Local protein conformations can be directly compared on the basis of the secondary chemical shifts, as they are not influenced by amino acid type. The similarity in secondary chemical shifts between the MxiH and PrgI needles is remarkable (Figs. 4C and 4D), suggesting that the local structure of these needle subunits is highly similar. The agreement is especially apparent in the two α-helical regions, and the slight bend in the C-terminal helix occurs at the same position in both subunits, Q64 for MxiH corresponding to Q61 for PrgI. Two minor differences are observed: the kink appears at T23 for MxiH rather than at T25 (which would correspond to N22 in PrgI); more importantly, the rigid-extended region spans a larger region in MxiH, which has three additional residues, and the deviations of Δδ from random coil values are more pronounced. On the other hand, the secondary structure elements proposed in the model of Fujii et al. are not compatible with the experimental chemical shifts of MxiH (Fig. 4A). In order to quantitatively compare the cryoEM model to our chemical shift values, we back-predicted secondary chemical shifts from the cryoEM model (Fig. S2B in Text S1) using SPARTA+ [45]. It was reported that the back-prediction of solid-state NMR 13C chemical shifts in SPARTA produces outliers, i.e. predictions deviating from experimental shifts by more than 3 ppm, in approximately 4% of cases [46]. The number of 13C chemical shift outliers for the cryoEM-based model of Fujii et al., 13.1%, is significantly higher, showing that its secondary structure cannot be reconciled with our NMR data.

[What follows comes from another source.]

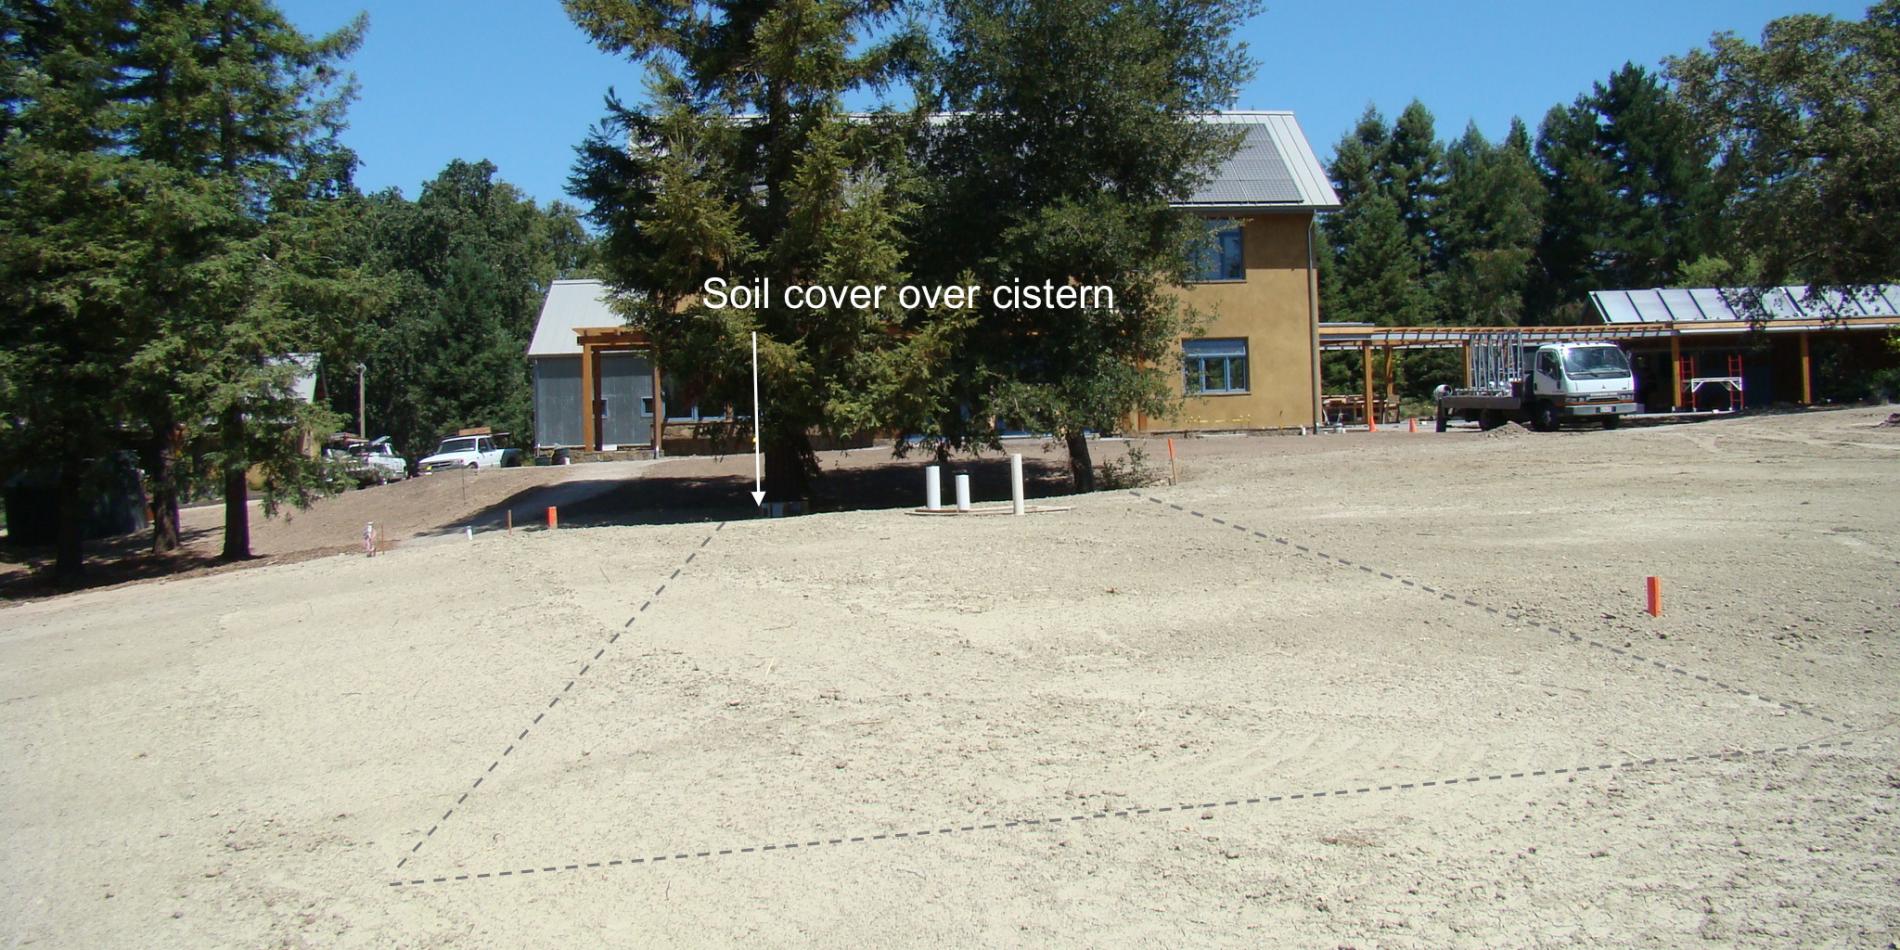 Soil cover over cistern

Despite the aforementioned discrepancies in secondary structure between the MxiH [19] and PrgI [20] models, there is a striking similarity in the shape of the 3D envelope of their constituting subunits (Fig. 1). We thus wanted to test whether the architecture identified in PrgI needles could explain all experimental data for MxiH needles, both solid-state NMR chemical shifts and the 7.7-Å cryoEM density map. We generated homology models of the MxiH needle by Rosetta modeling calculations [47] using the structure of the PrgI needle as a template. A representative model from this ensemble (Fig. 5) shows good overlap with the cryoEM density map (EM correlation of 0.66), demonstrating that the architecture found in the PrgI needle (Fig. 1B) is compatible with all experimental data. Using the nomenclature of Fujii et al., the long C-terminal α-helix identified in PrgI occupies the density region H1 facing towards the needle pore in the cryoEM map of MxiH (Fig. 5B). The density regions H2 and H3 are filled by the N-terminal α-helix. The kink present in density region H3 corresponds to the kink identified at T23 from the analysis of secondary chemical shifts.

Figure 5. Structural model of the T3SS Shigella needle.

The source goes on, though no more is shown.